How to Landscape With Daylilies


Daylilies are extremely hardy plants. Most daylilies can withstand extreme heat, cold and dry weather better than many perennials. Daylilies are named for their habit of producing flowers that open for only one day before they shrivel and die. They come in a wide variety of colors and flower shapes, and their sizes range from 6 inches to more than 4 feet. They require little care, so both expert and less skilled gardeners can successfully grow daylilies.
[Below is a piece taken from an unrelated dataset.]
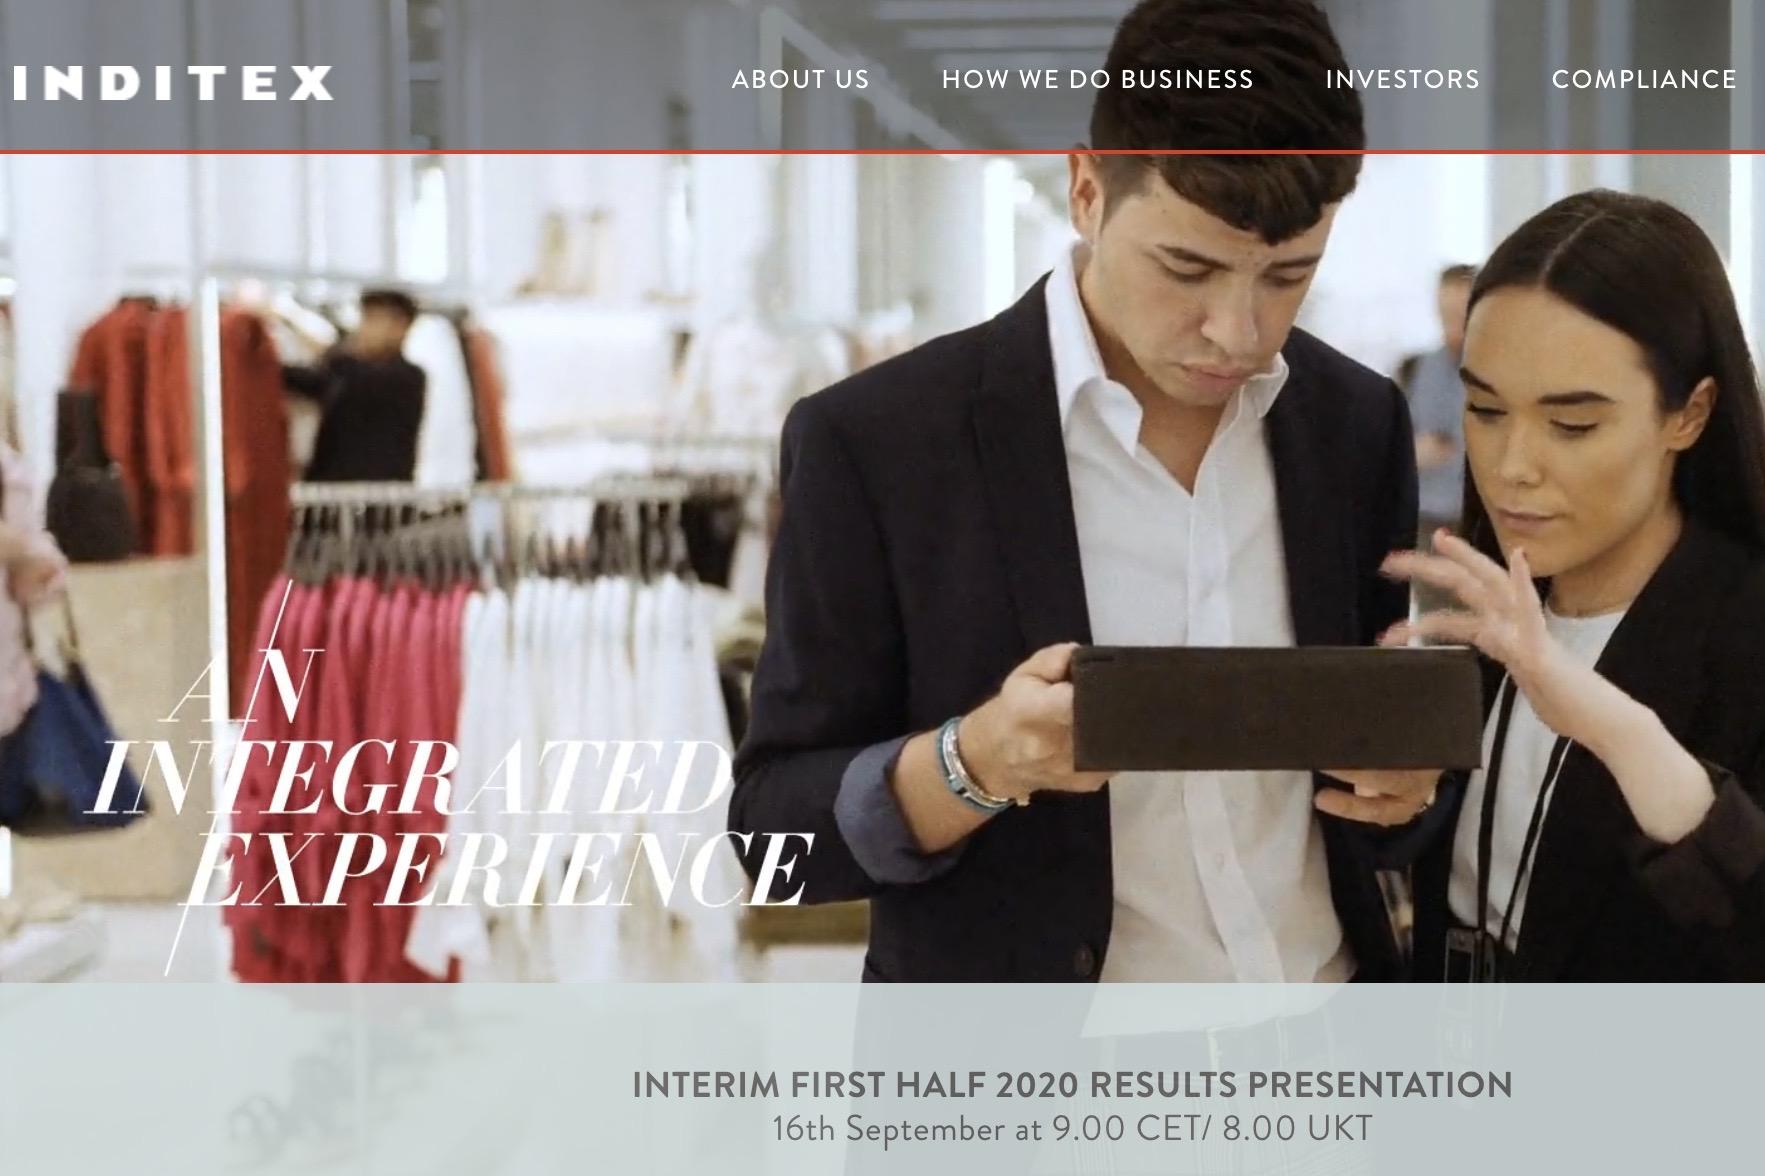 Zara 母公司Inditex上季度扭亏为盈,净利润2.14亿欧元远超分析师预期

    1. Choose an area for your daylilies in full sun or partial shade with well-drained, slightly acidic soil.
    2. Pick daylilies depending on height and where you are planting them. Use shorter varieties in the front for borders or to line walkways, and use taller ones in the back or middle of the garden. Hide fences, outside meters or faucets by planting daylilies around them.
    3. Consider color when landscaping with daylilies. Using one color and one variety creates a more dramatic effect than using multiple colors in a small area. Also, if the background is dark, lighter-colored daylilies give more impact.
    4. Try to achieve continuous bloom from spring to first frost by choosing different varieties with varied bloom times. Daylily varieties bloom at seven different times during the growing season: extra early, early, early- to mid-season, mid-season, mid- to late-season, late and very late. Choosing extra early to very late varieties can extend your daylilies’ bloom time to six or more weeks. Re-blooming varieties of daylilies are also available.
    5. Divide your daylilies every three to four years. The best time to divide plants is in early spring or after flowering. Use your new divisions to fill in spaces in your garden where needed.

Tips & Warnings

  • If the foliage starts to look ragged at the end of the summer you can cut it back to 6 to 10 inches. Re-blooming daylilies usually have smaller flowers than standard daylilies. Trade extra divisions with your neighbors or friends.

  • If you don’t divide daylilies every three to four years, you’ll have fewer blooms. Daylilies grown in full shade will have fewer flowers.